In general, there is no One Correct Way to translate accented characters into
ASCII. It depends on the language, and the word.

For instance, in English ö will usually be translated into just o with no
accent. We usually write coöperate and zoölogy as cooperate and zoology, or
sometimes with a hyphen co-operate, but never cooeperate or zooelogy. But if
the word is derived from German, or words that *look* like they might be
German, we do sometimes use oe: Roentgen rays (an old term for x-rays) after
Wilhelm Röntgen, for instance.

But in other languages the rules will be different. How, for example, should
one translate an Estonian word containing ö into Turkish, but using ASCII
letters only? I have no idea. But in both languages, and unlike German, ö is
*not* considered an o-with-an-accent, but a distinct letter of the alphabet.

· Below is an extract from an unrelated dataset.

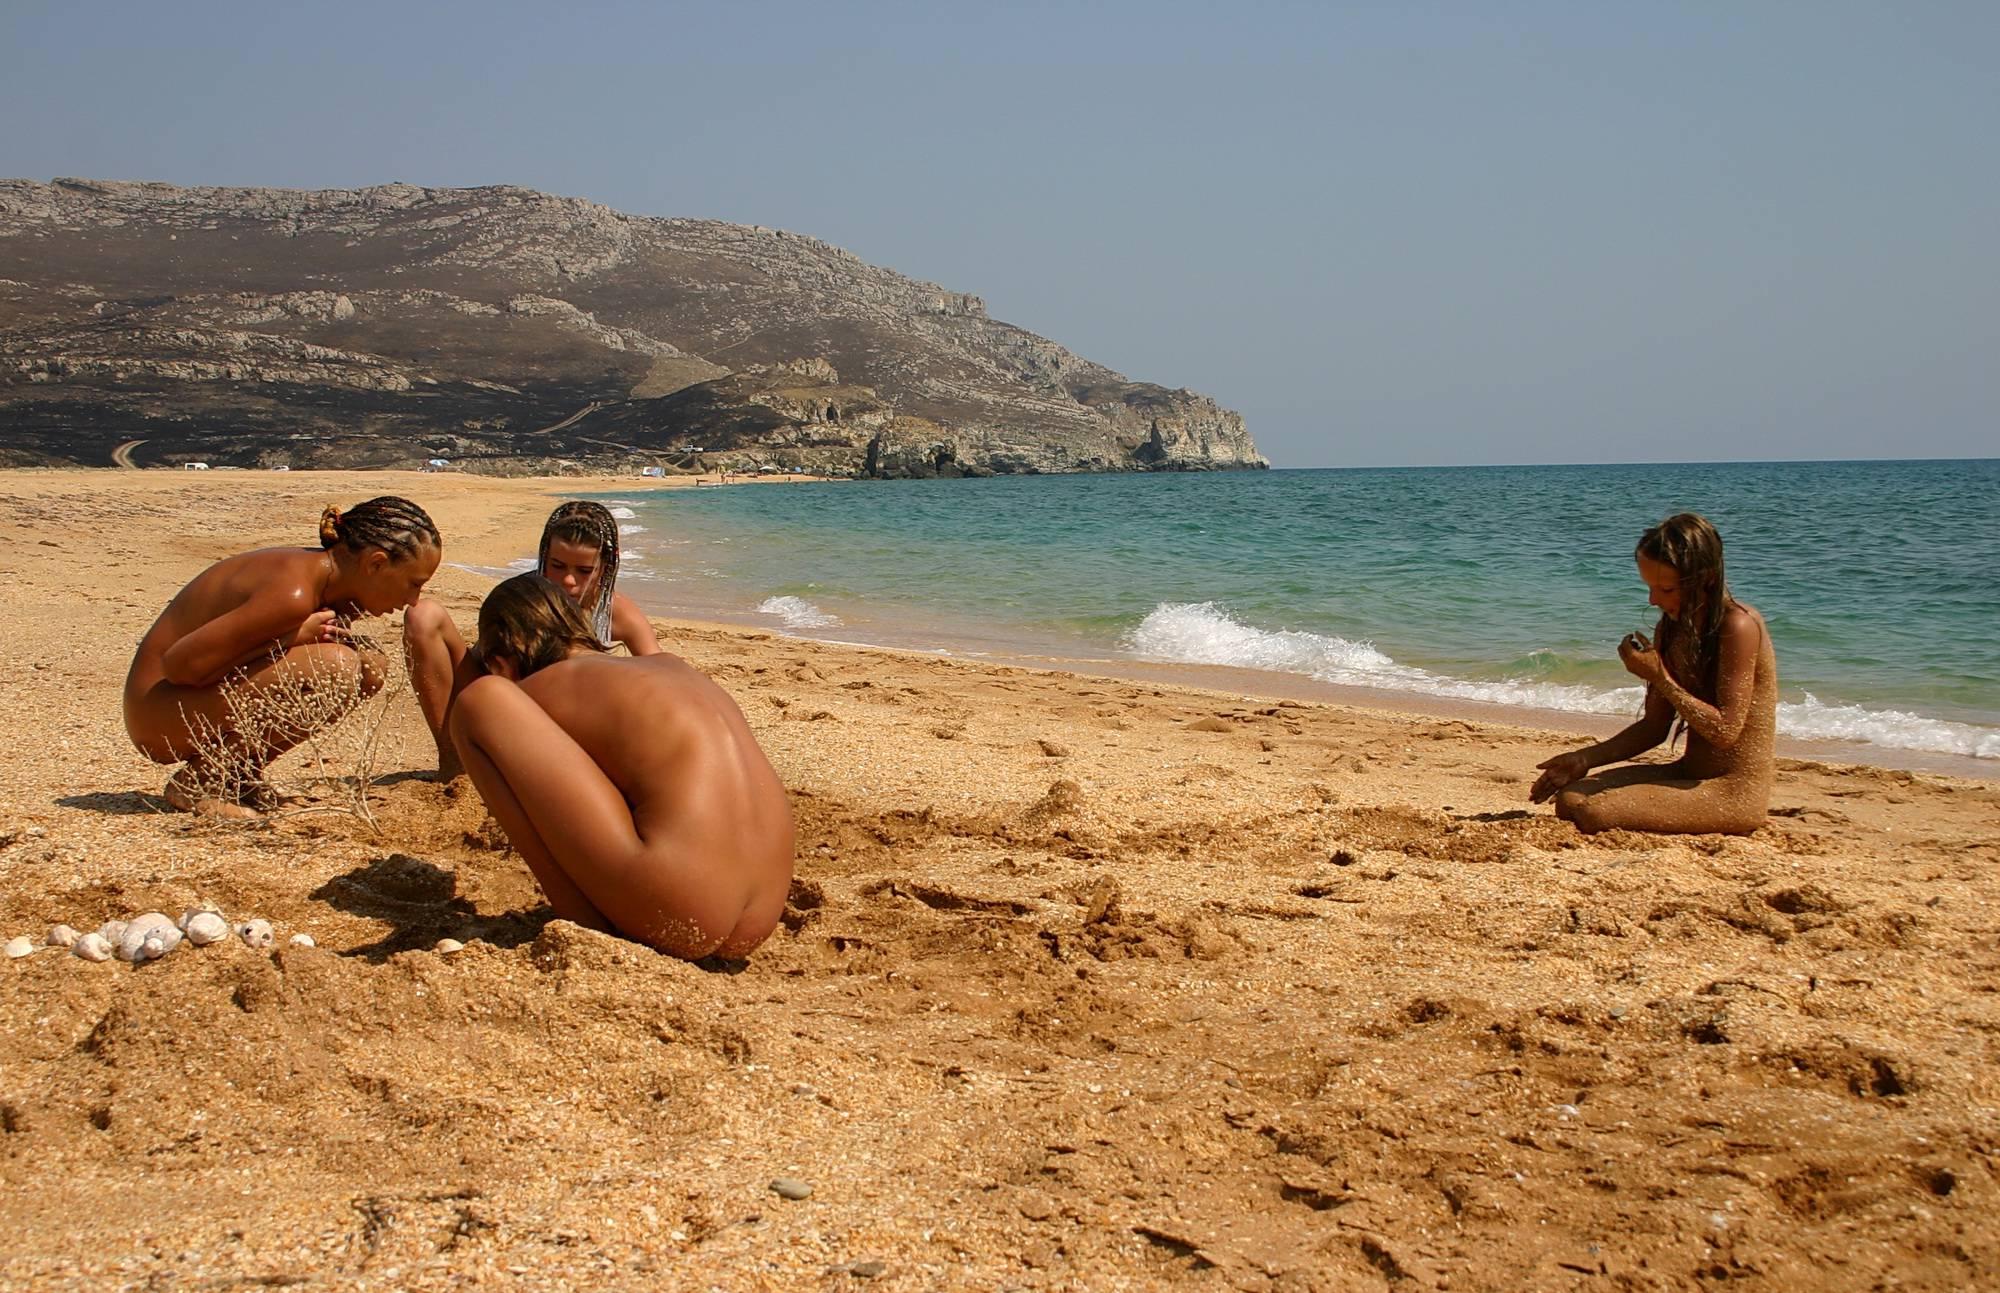 Beachside Sandy Mermaid - 2

https://en.wikipedia.org/wiki/Diaeresis_%28diacritic%29


As far as Python goes, if all you want to do is replace ö with oe and Ö into OE
(or perhaps you should use Œ and œ?) then you can use str.replace or
string.translate:

mystring.replace("Ö", "OE").replace("ö", "oe")




--
Steven
git gets easier once you get the basic idea that branches are homeomorphic
endofunctors mapping submanifolds of a Hilbert space.

Steven D'Aprano

unread,
Sep 18, 2016, 2:45:48 AM9/18/16
to
It doesn't matter whether you call them "accent" like most people do, or
"diacritics" as linguists do. Either way, in some languages they are an
integral part of the letter, like the horizonal stroke in English t or the
vertical bar in English p and b, and in some languages they are modifiers,
where there are rules that tell you how to write them without the modifier.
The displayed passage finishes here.